In situ UV-vis absorption spectra were obtained to monitor photoinduced exciton evolutions of CsPbBr₃ NCs at different temperatures from 293 to 373 K (Fig. 3a and b). With the increase in temperature, the absorption band edges of both pristine and SO₄²⁻-treated CsPbBr₃ NCs remained almost unchanged, but the intensity of their exciton absorption peaks had changed significantly. The stabilities of excitons are determined by external factors such as temperature and carrier concentration.^30,31 In this case, high temperature can lead to exciton decomposition and broadening of the exciton absorption peak, resulting in fluorescence decay or even quenching. By comparison, when the temperature increased to 373 K, the exciton absorption peak of the pristine CsPbBr₃ NCs became widened significantly, while the SO₄²⁻-treated CsPbBr₃ NCs still maintained the initial shape of the absorption peak (Fig. 3a and b). To visually observe the evolution of the exciton absorption peak, we treated the absorption spectra of NCs with the second derivative as shown in Fig. 3a and b. Obviously, the decay values of the exciton absorption peak for pristine CsPbBr₃ NCs were sharper than that of CsPbBr₃–SO₄ NCs. We reported the PL intensity of pristine and SO₄²⁻-treated CsPbBr₃ NCs during five thermal cycles between T = 293 and 373 K, as shown in Fig. S7.† The results showed that the thermal quenching behavior was perfectly reversible, which eliminated the permanent or irreversible destruction of the perovskite structure under thermal stress. Therefore, the observed thermal quenching behavior was purely caused by the surface state of the single CsPbBr₃ NCs. Pristine CsPbBr₃ NCs have more surface defects, and high temperature will also induce extra defects, such as lattice expansion/distortion, surface ion migration, etc., which will make excitons easier to capture by defects at high temperature, leading to severe PL decay at high temperature. As for the CsPbBr₃–SO₄ sample, on the one hand, SO₄²⁻ ion treatment can effectively passivate the surface defects, improve the trapping activation energy, stabilize the structure and inhibit the generation of defects at high temperature; on the other hand, the wide-bandgap PbSO₄ passivation layer on the surface of NCs can confine the excitons and remain stable at high temperature, leading to reduced quenching of PL emission.
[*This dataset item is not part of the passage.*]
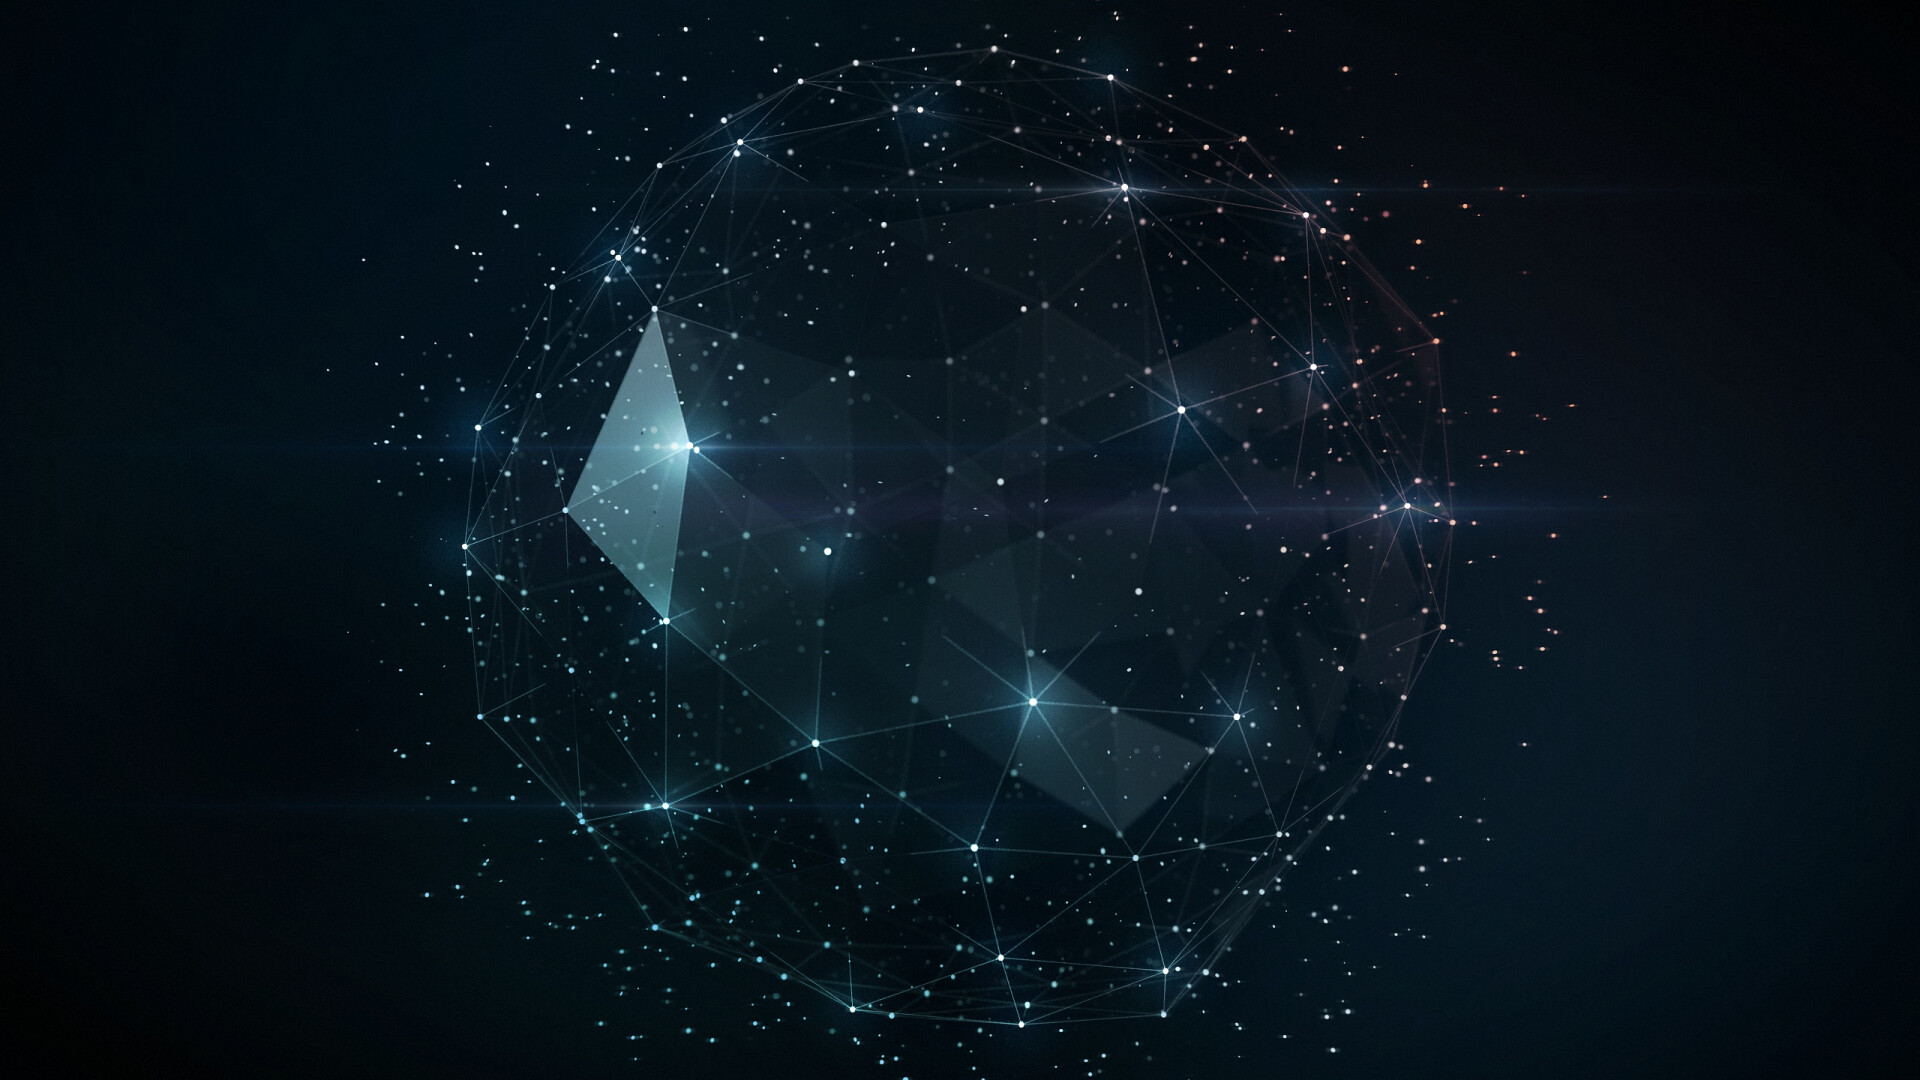 Geometric Abstract: Outer space ornament, Dots, Line segments, Angles. 1920x1080 Full HD Wallpaper.

Fig. 3 Temperature-dependent in situ characterization studies for pristine and SO₄²⁻-treated CsPbBr₃ NCs at increasing temperatures from 293 to 373 K. (a and b) In situ UV-vis absorption spectra and treatment of the absorption spectra with the second derivative, (c) in situ PL lifetime decay curves, and (d and e) in situ XRD patterns. (f) Schematic diagram of the suggested mechanism for thermal stability.
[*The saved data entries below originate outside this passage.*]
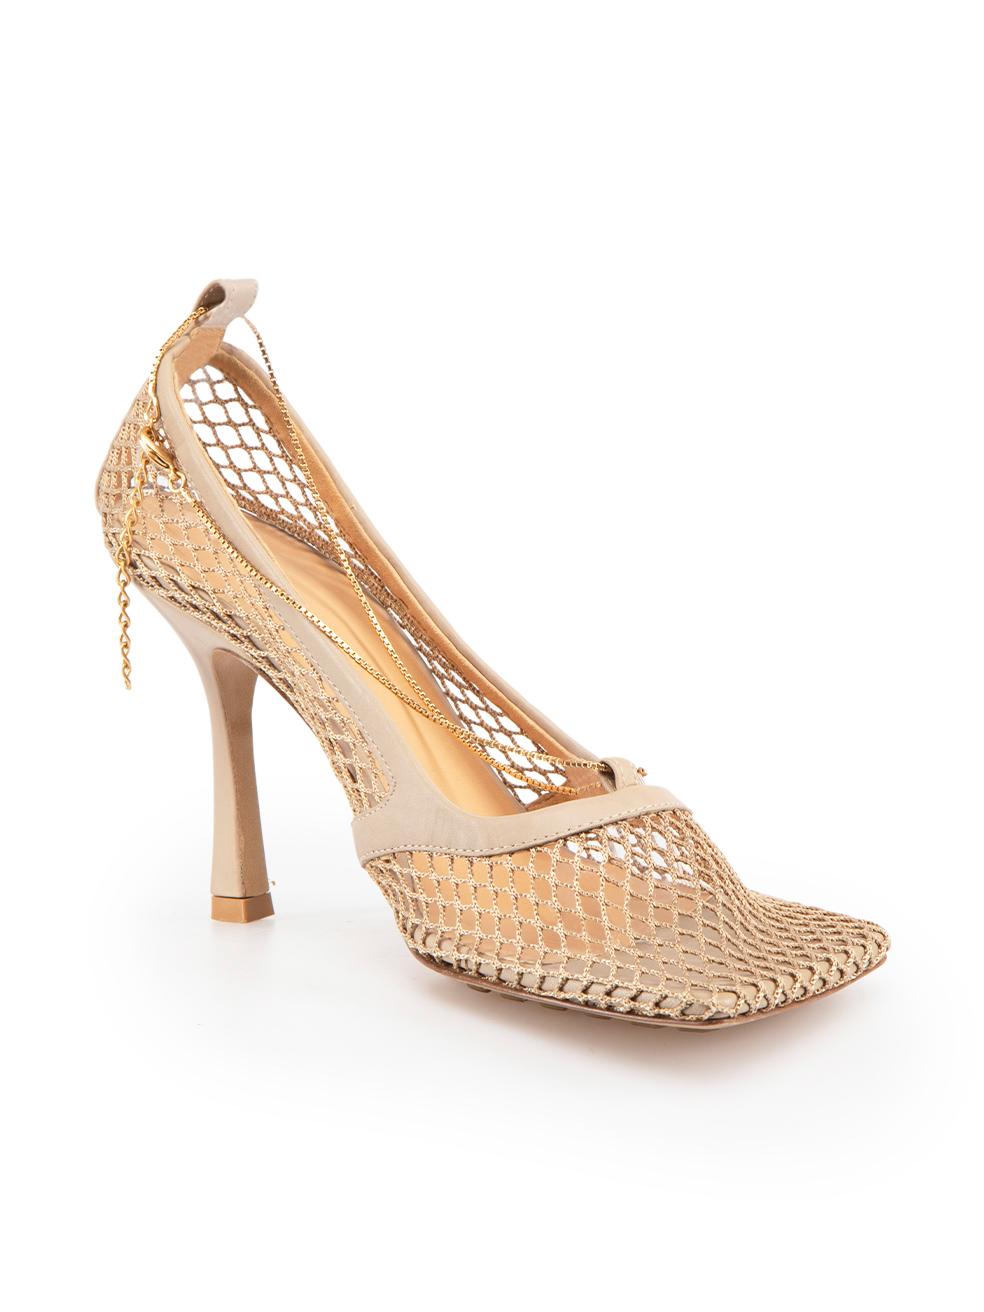 CONDITION is Very good. Minimal wear to shoes is evident. Minimal wear to the footbed with dark marks towards the heels on this used Bottega Veneta designer resale item.
 
 Details
 Stretch
 Beige
 Cloth mesh
 Sandals
 Square toe
 High heel
 Chain

In situ PL lifetime decay curves were obtained to evaluate the trap state evolutions during the rise in temperatures (Fig. 3c), and the exponential fitting results are listed in Tables S7–S8.† For pristine CsPbBr₃ NCs, with the rise in temperature, the average PL lifetime τ_ave dropped from 25.08 ns to 13.40 ns, implying that carrier trapping was strongly enhanced at elevated temperatures. The accelerated PL kinetics decay originated from the thermally activated escape of carriers to various defects at elevated temperatures, such as halogen vacancies and lead defects, according to previous reports.^18,19,24,27 Thanks to SO₄²⁻ ion treatment, the average PL lifetimes of CsPbBr₃–SO₄ NCs increased slightly from 24.50 ns to 29.66 ns due to thermally activated delayed fluorescence during the heating process.^19,27 Therefore, the SO₄²⁻ ion passivation strategy can effectively eliminate trap states and reduce the non-radiative recombination path by constructing a PbSO₄ passivation layer, which was consistent with the high remaining PL.
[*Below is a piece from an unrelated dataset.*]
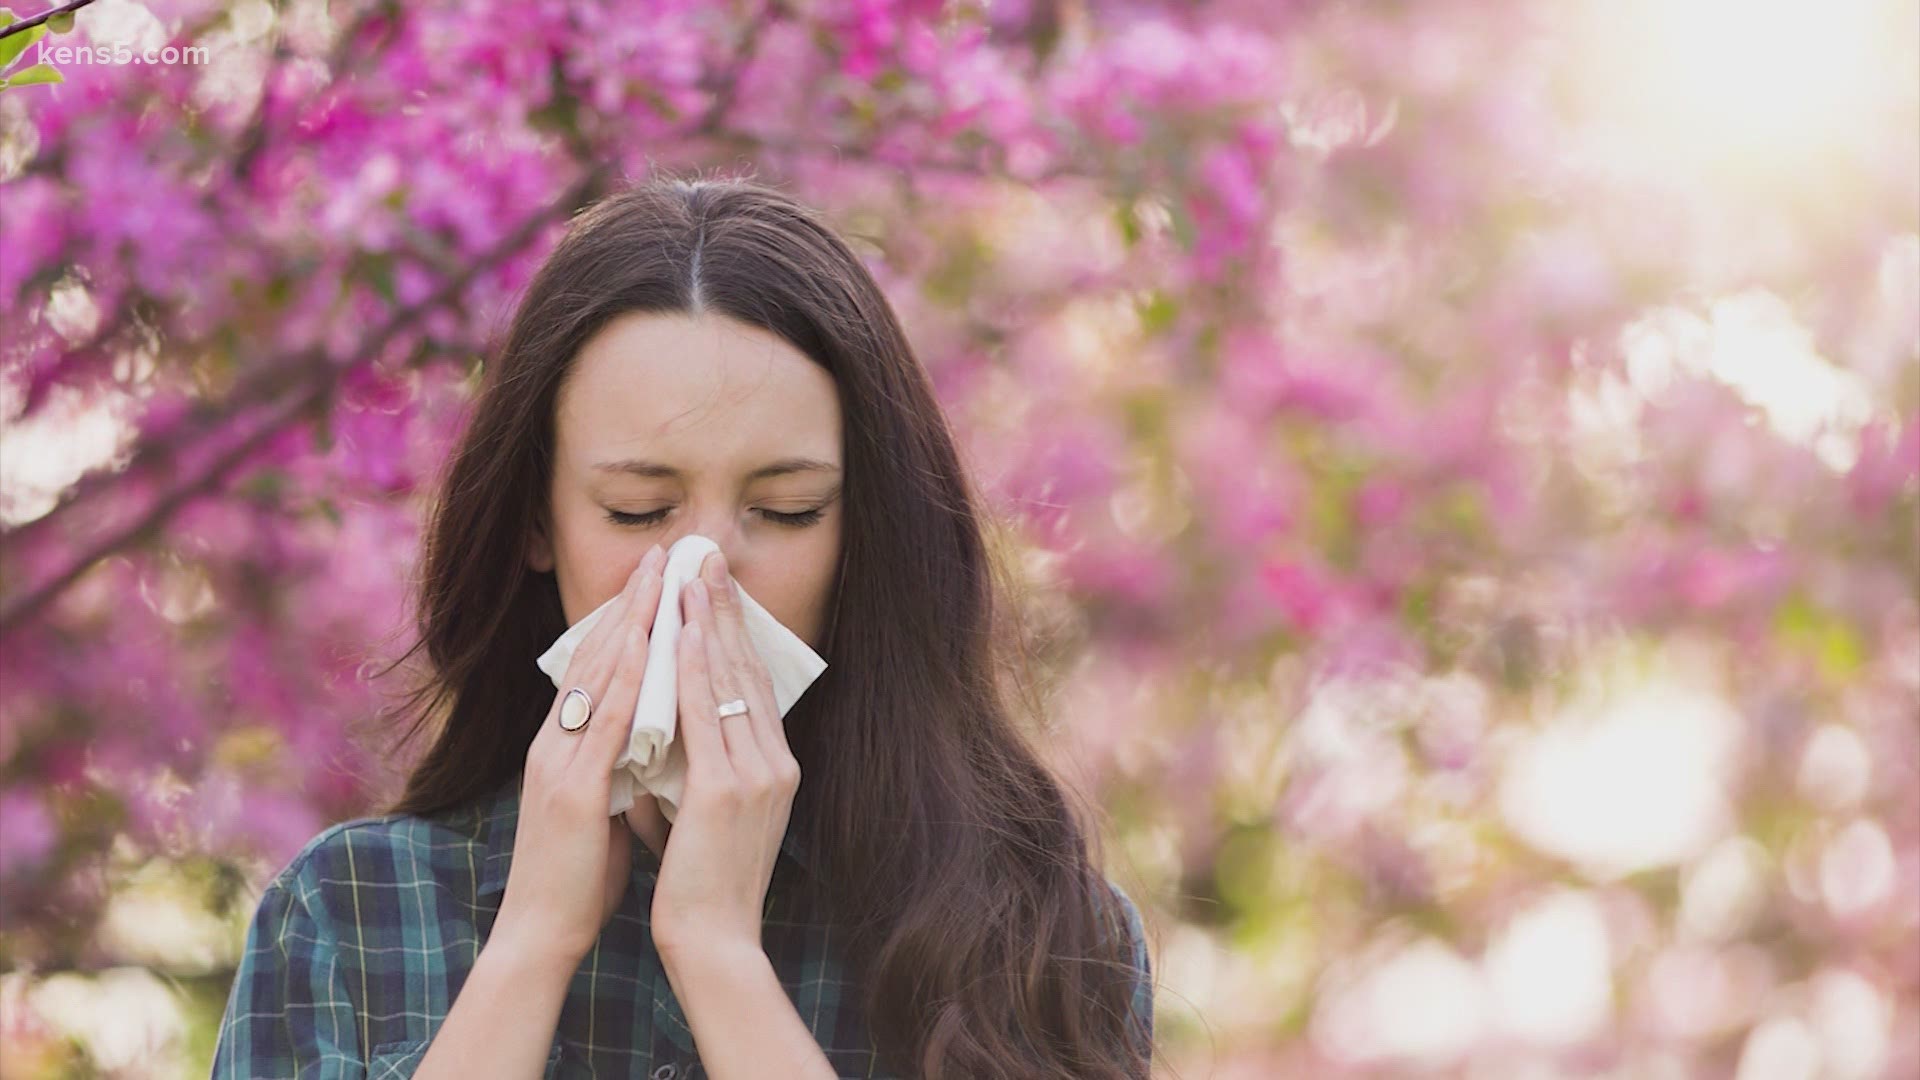 Allergy sufferers are feeling it in Texas.

In situ XRD was carried out to monitor the crystal structure evolutions of CsPbBr₃ NCs before and after SO₄²⁻ passivation during temperature ramps from 293 to 373 K (Fig. 3d and e). Upon increasing the temperature to 373 K, both pristine and SO₄²⁻-treated CsPbBr₃ NCs still present diffraction peaks corresponding to the cubic phase of the CsPbBr₃ crystal, showing that increasing the temperature up to 373 K will not promote the derivation of other phases from CsPbBr₃. After careful analysis, the XRD diffraction peaks of pristine CsPbBr₃ NCs shifted toward lower angles with the increase in temperature, meaning that the lattice spacing increased at high temperature, which derived from the bond lengthening and lattice expansion of the CsPbBr₃ crystal at high temperature. However, XRD diffraction peaks of CsPbBr₃–SO₄ NCs remained almost unchanged when the temperature increased from 293 to 373 K. In situ XRD of pure PbSO₄ samples during temperature ramps from 293 to 373 K (Fig. S8†) showed that the diffraction peaks of PbSO₄ remained almost unchanged when the temperature increased from 293 to 373 K, indicating that lattice expansion can be ignored at 373 K. Therefore, we suspect that the thermally stable PbSO₄ passivation layers with higher formation energy can act as a rigid shell to stabilize and suppress the high-temperature induced lattice expansion of inner CsPbBr₃ NCs.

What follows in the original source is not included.